Breast-feeding—Oral contraceptives pass into the breast milk and can change the content or lower the amount of breast milk. Also, they may shorten a woman's ability to breast-feed by about 1 month, especially when the mother is only partially breast-feeding. Because the amount of hormones is so small in low-dose contraceptives, your doctor may allow you to begin using an oral contraceptive after you have been breast-feeding for a while. However, it may be necessary for you to use another method of birth control or to stop breast-feeding while taking oral contraceptives.

Teenagers—This medicine is frequently used for birth control in teenage females and has not been shown to cause different side effects or problems than it does in adults. Some teenagers may need extra information on the importance of taking this medication exactly as prescribed.

Other medicines—Although certain medicines should not be used together at all, in other cases two different medicines may be used together even if an interaction might occur. In these cases, your doctor may want to change the dose, or other precautions may be necessary. When you are taking oral contraceptives, it is especially important that your health care professional know if you are taking any of the following:

Other medical problems—The presence of other medical problems may affect the use of oral contraceptives. Make sure you tell your doctor if you have any other medical problems, especially:


Proper Use of This Medicine

To make using oral contraceptives as safe and reliable as possible, you should understand how and when to take them and what effects may be expected.

A paper with information for the patient will be given to you with your filled prescription, and will provide many details concerning the use of oral contraceptives. Read this paper carefully and ask your health care professional if you need additional information or explanation.

Take this medicine with food to help prevent nausea that might occur during the first few weeks. Nausea usually disappears with continued use or if the medicine is taken at bedtime.

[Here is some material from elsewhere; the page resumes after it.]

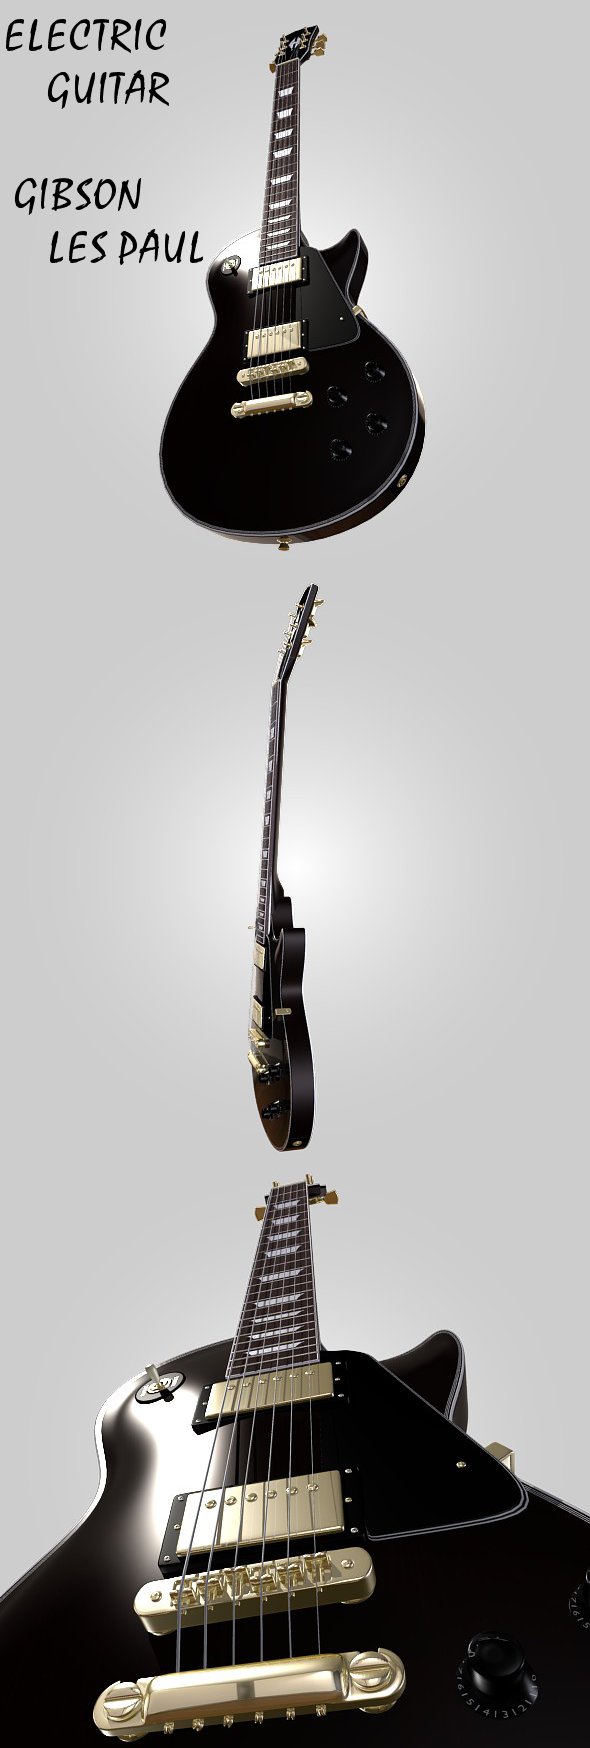 Electric guitar Gibson - 3Docean 110134

When you begin to use oral contraceptives, your body will require at least 7 days to adjust before a pregnancy will be prevented. You will need to use an additional birth control method for at least 7 days. Some doctors recommend using an additional method of birth control for the first cycle (or 3 weeks) to ensure full protection. Follow the advice of your doctor or other health care professional.

Try to take the doses no more than 24 hours apart to reduce the possibility of side effects and to prevent pregnancy. Since one of the most important factors in the proper use of oral contraceptives is taking every dose exactly on schedule, you should never let your tablet supply run out. When possible, try to keep an extra month's supply of tablets on hand and replace it monthly.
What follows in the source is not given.